(.....)
>Yes, the relational order of convection cells is something we, as
>observers, perceive and describe. Without our role as conscious agents,
>they would have no meaning. But that's true of ALL the properties of the
>fluid, not just the rotation of the cells. I think it would be stretching
>credulity to claim that this relational property ONLY exists in virtue of
>our cognition. Certainly objective, physical measurement procedures are
>available, in the form of instruments which extend our senses, if not
>replace them (this is "weak objectivity" in the sense of consensual theory
>construction).
>
Unfortunately I am not acquainted with Benard cells, but I understand your
point (I think). But does that mean these relations really exist as do the
primitives between which they are relations? Of course relations can be
recognized and even measured by sophisticated tools. But the designs of
these tools are precisely the functional equivalents of our own
constructive perceptual activities! That is: the primitives between which a
relation is constructed (and measured) are taken to really exist, and their
relation is taken as a man-made construct. However, as soon as this
relation has been established and recognized, it may be treated as really
existing (e.g. as measured by a smart instrument), and it may in its turn
become a new primitive for an even more sophisticated relation.
Thus, a hierarchy is possible of relations and primitives: a relation is
dealt with as a new primitive for the next higher level, and a primitive is
dealt with as a relation for the primitives at the next lower level.
However, when a heterarchy is at stake, it is no longer possible to
distinguish between primitives and relations, and the nominalist game of
(really existing) primitives and (constructed/assigned) relations breaks
down.

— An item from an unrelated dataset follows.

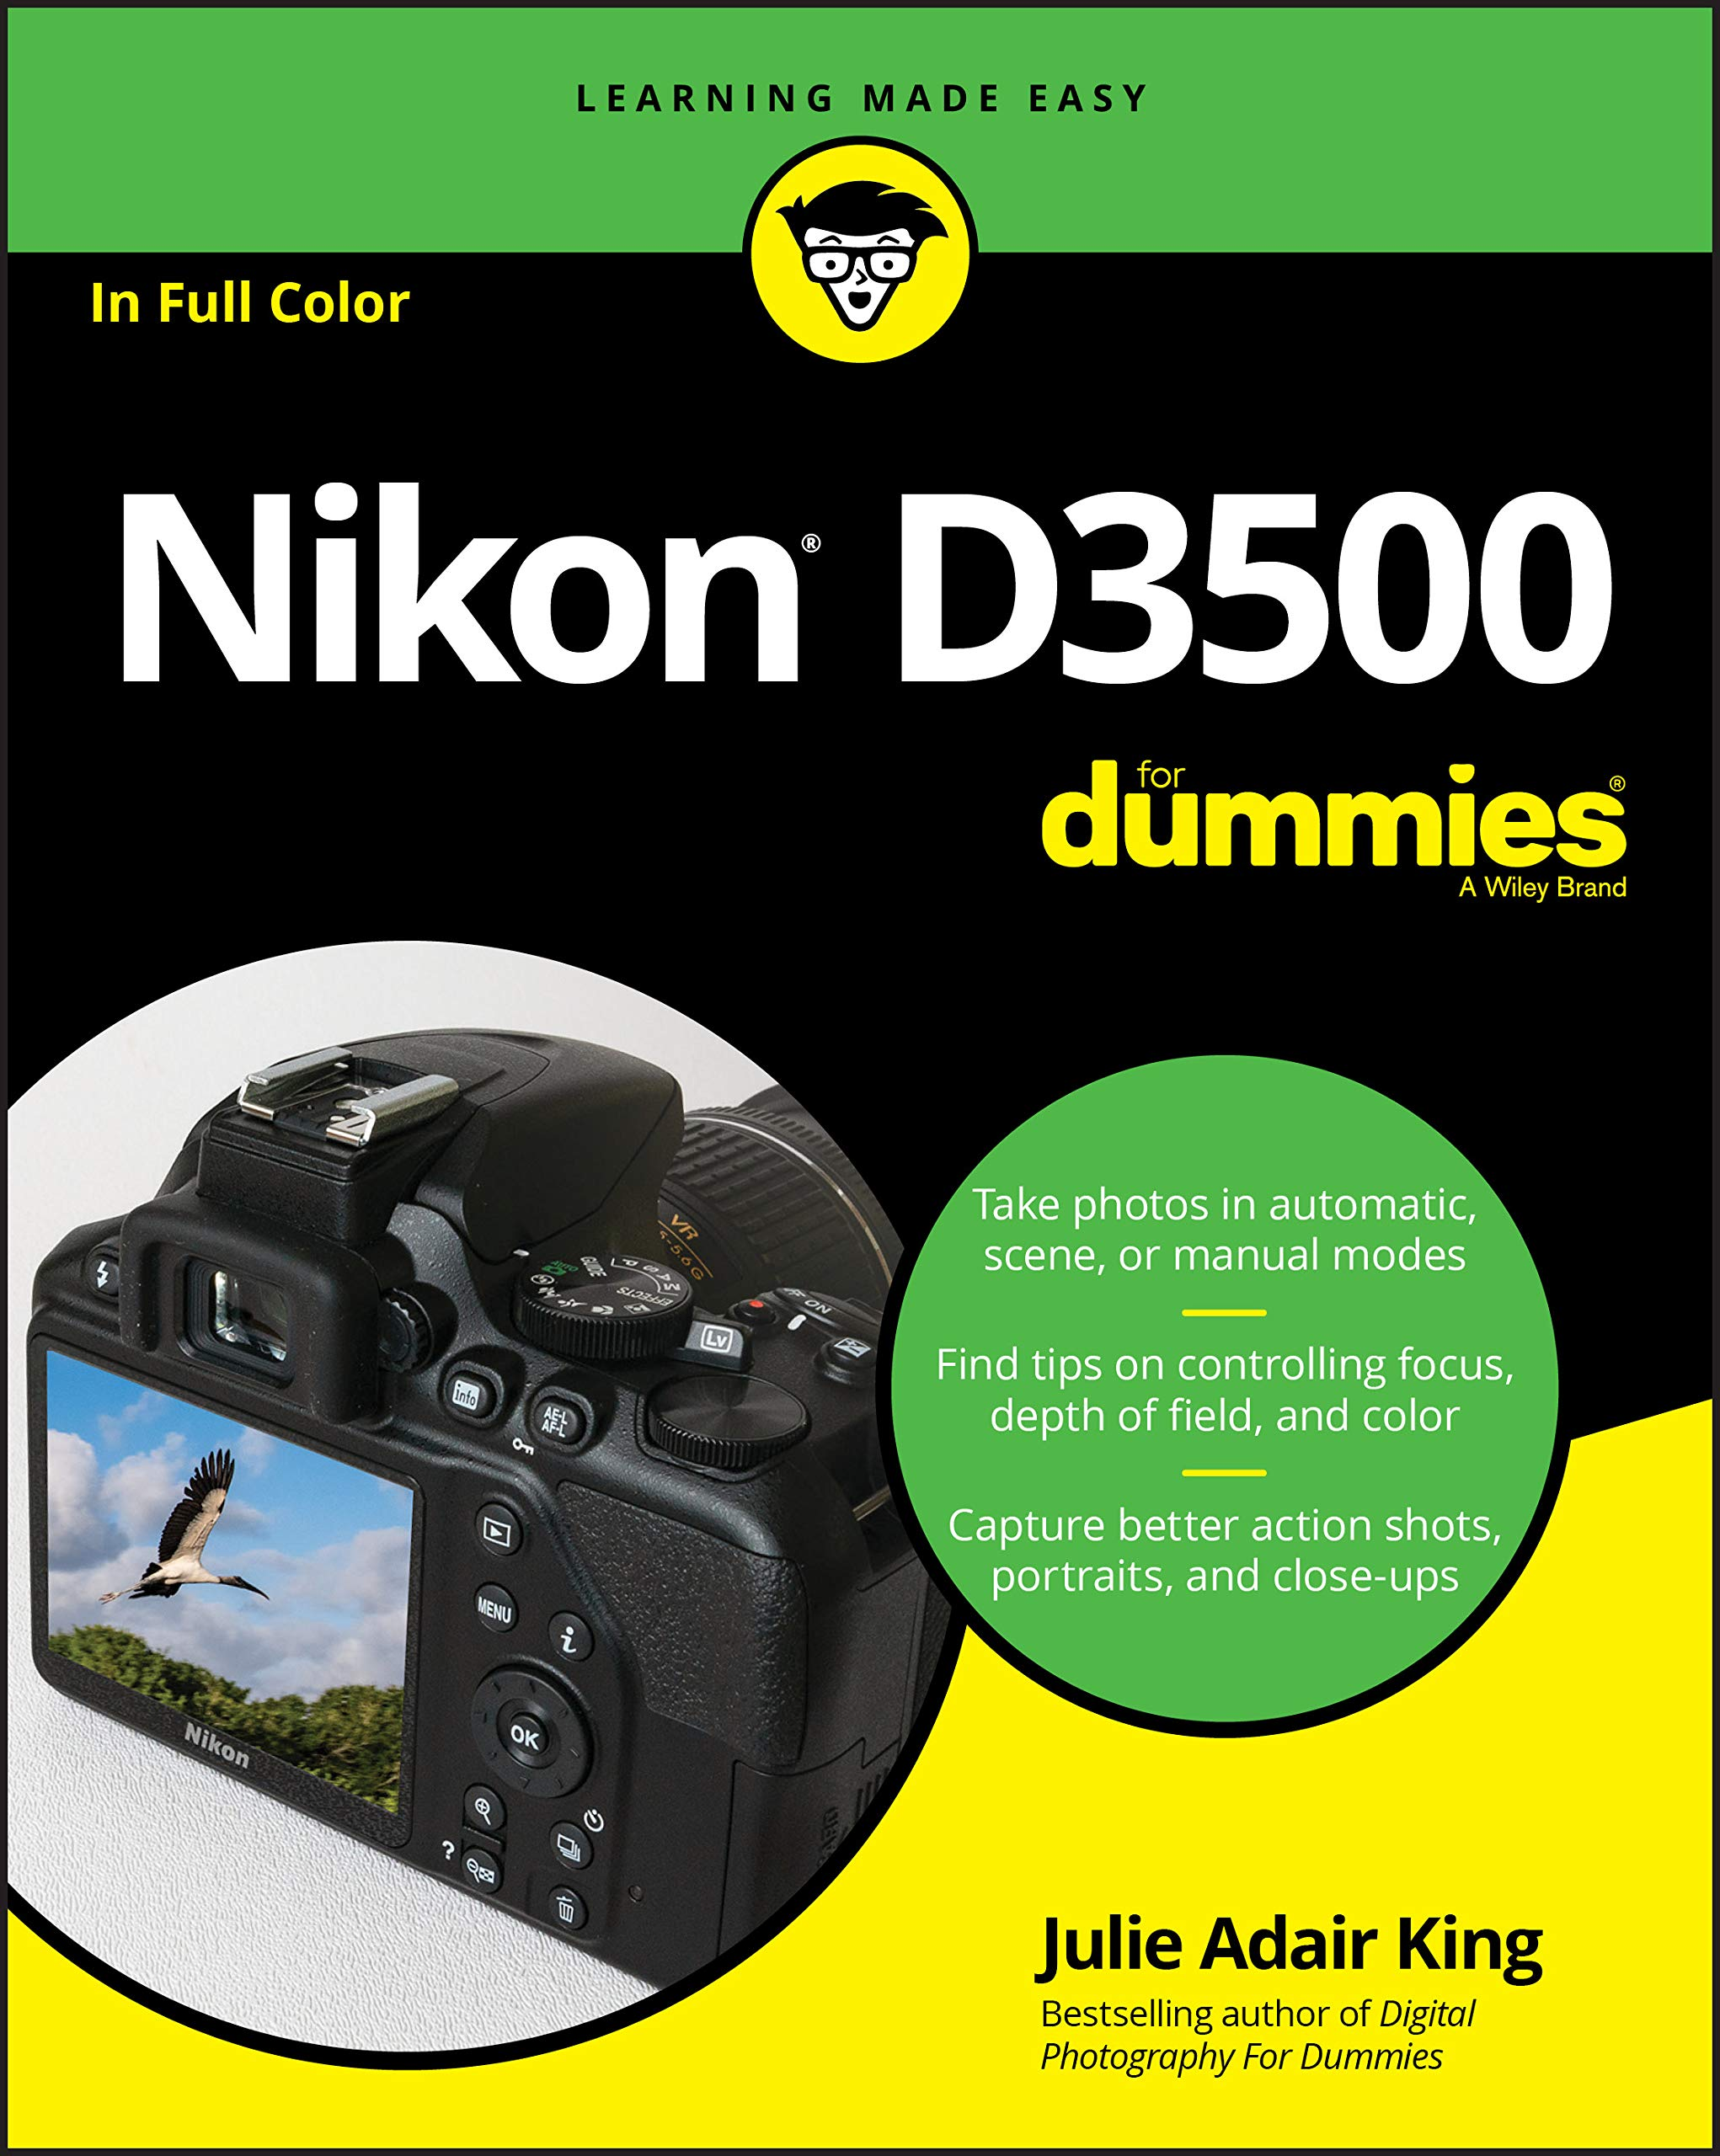 King, J: Nikon D3500 For Dummies: Amazon.es: King, Julie Adair ...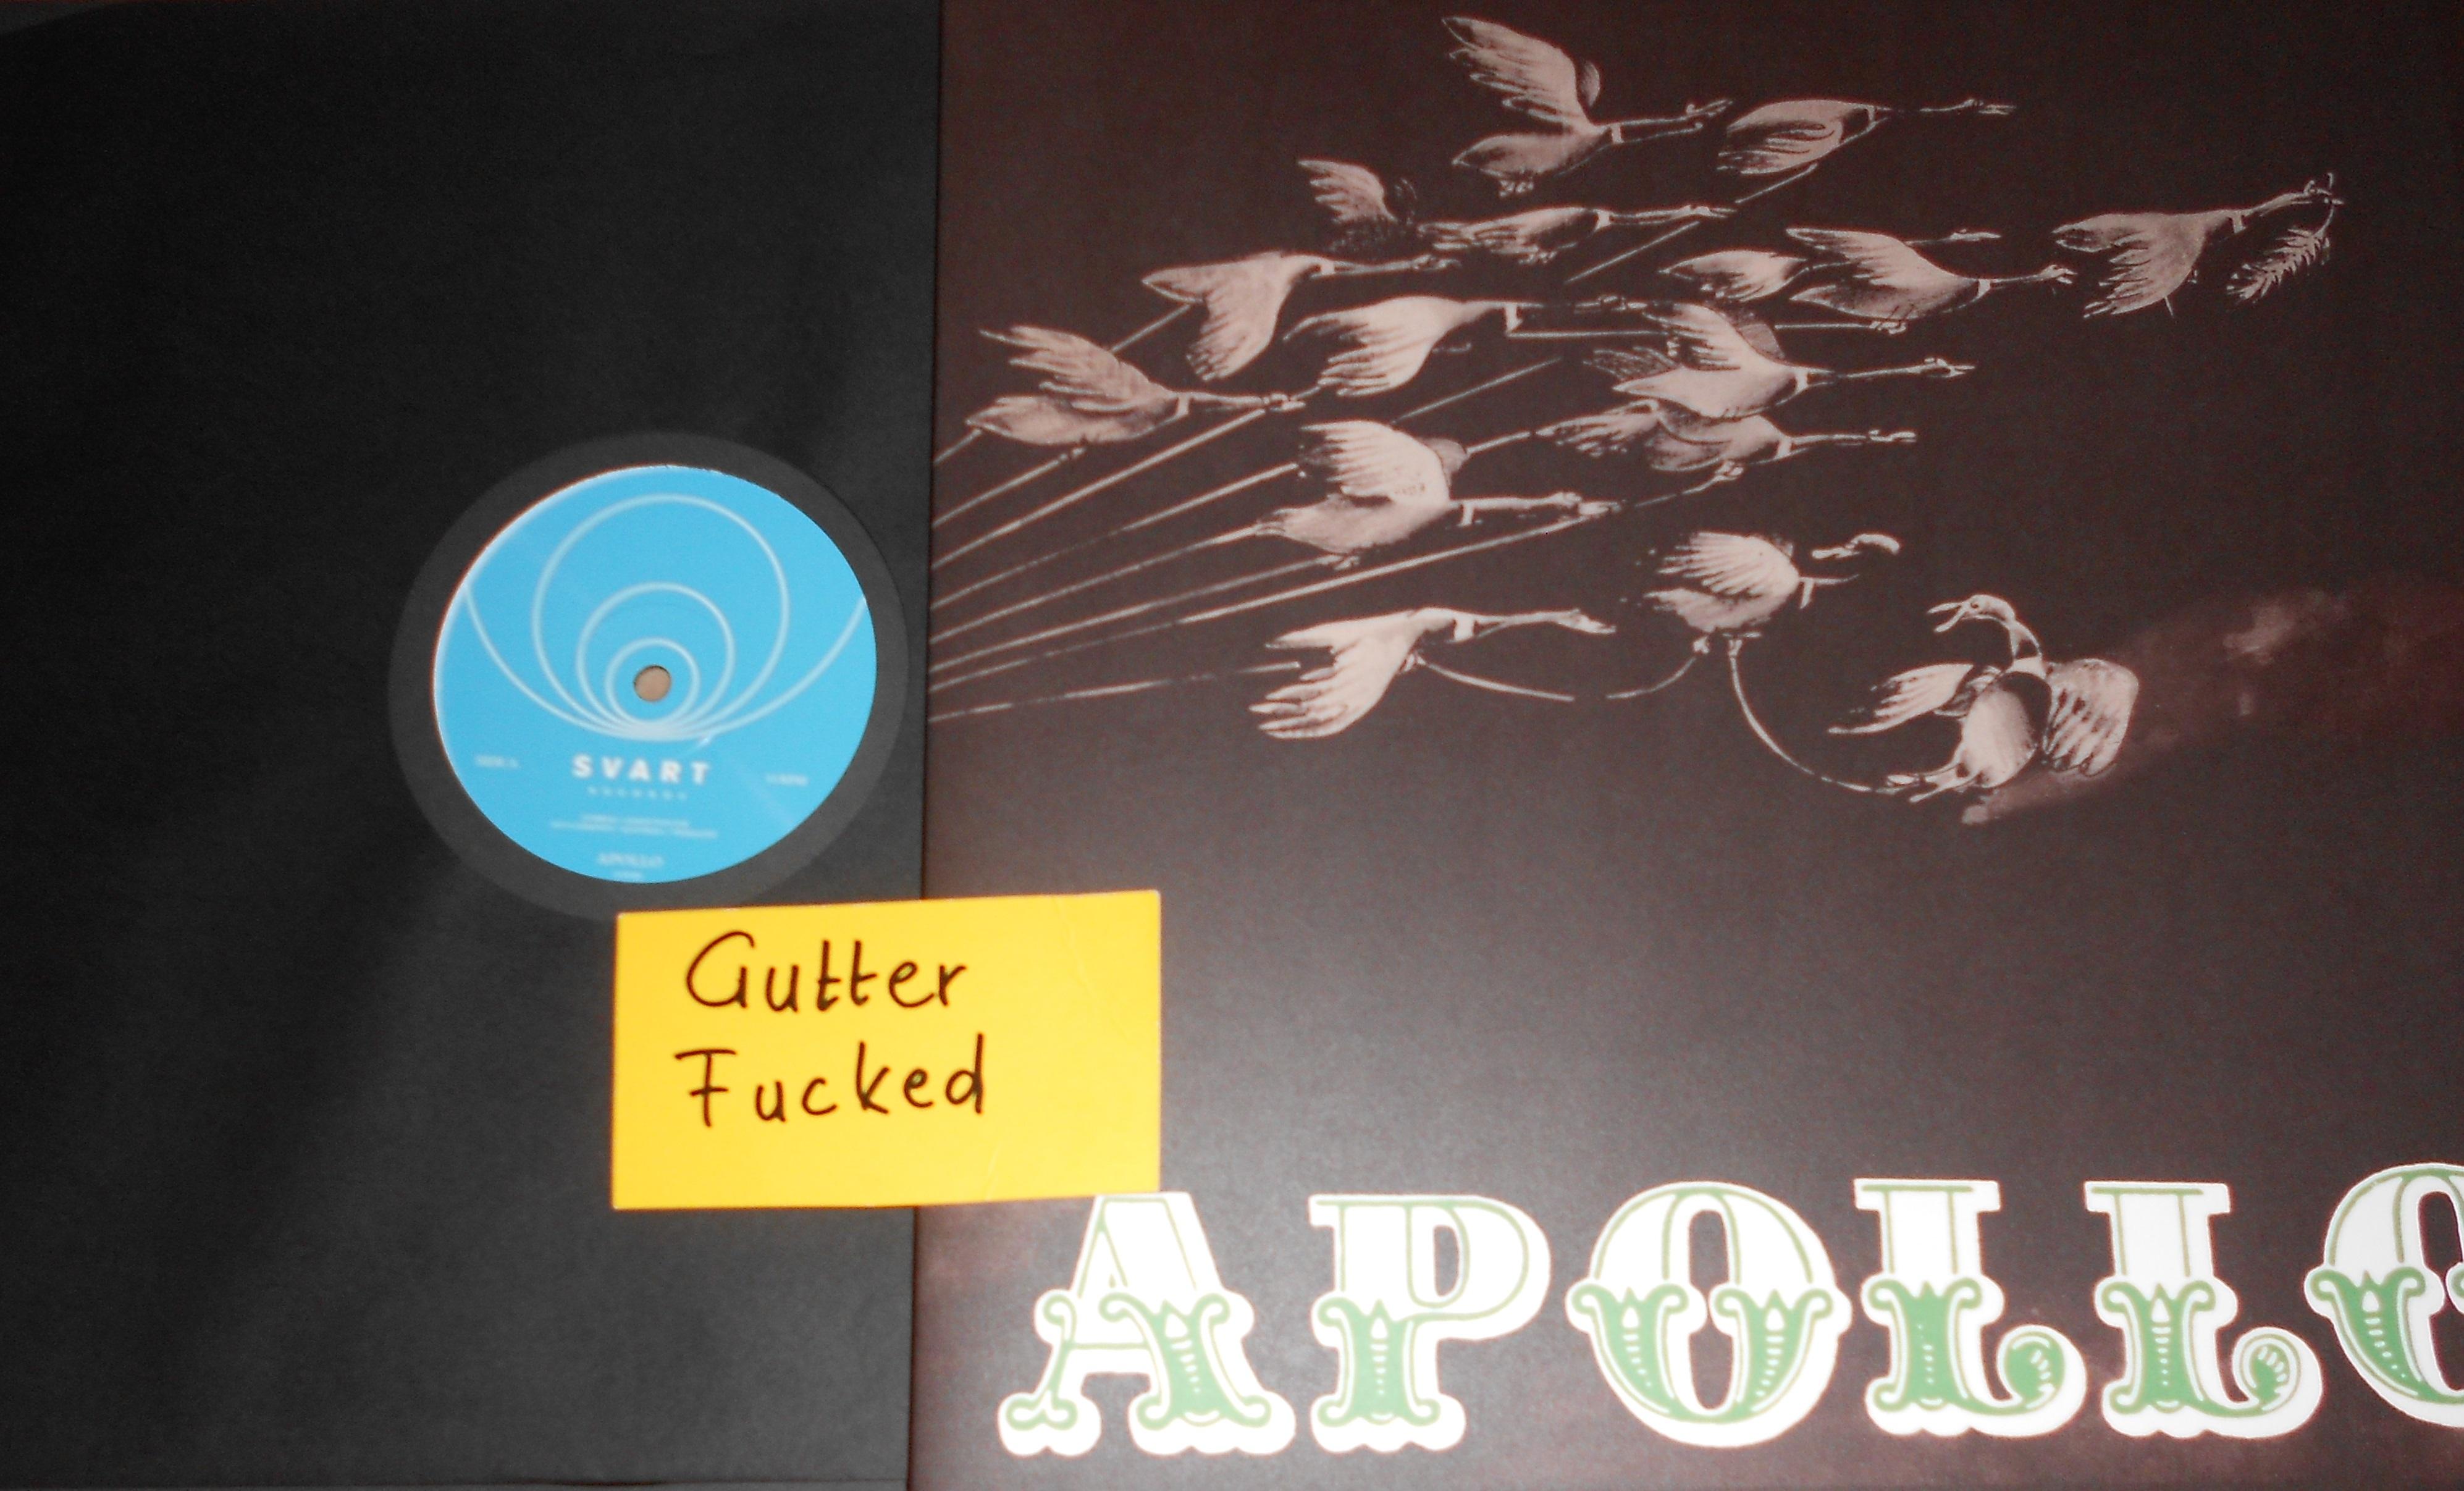 Apollo-Apollo-FI-Remastered-LP-2014-gF

In a relational model of an organism, for example, at one and the
same moment a term may be a) a relation between two other terms, and b) a
primitive term; cf. Rosen's treatment of mappings and sets. Here a realist
versus nominalist debate is no longer relevant, because the observer is no
longer the only subject in the room.
What about the idea that the question of the ontological status of
relations in a complex system (of which a relational model could be made)
is equivalent to question of the system's capacity to generate sense? To my
understanding, this is where second order cybernetics touches the old
phenomenologist stuff (especially Merleau-Ponty's "Visible and Invisible").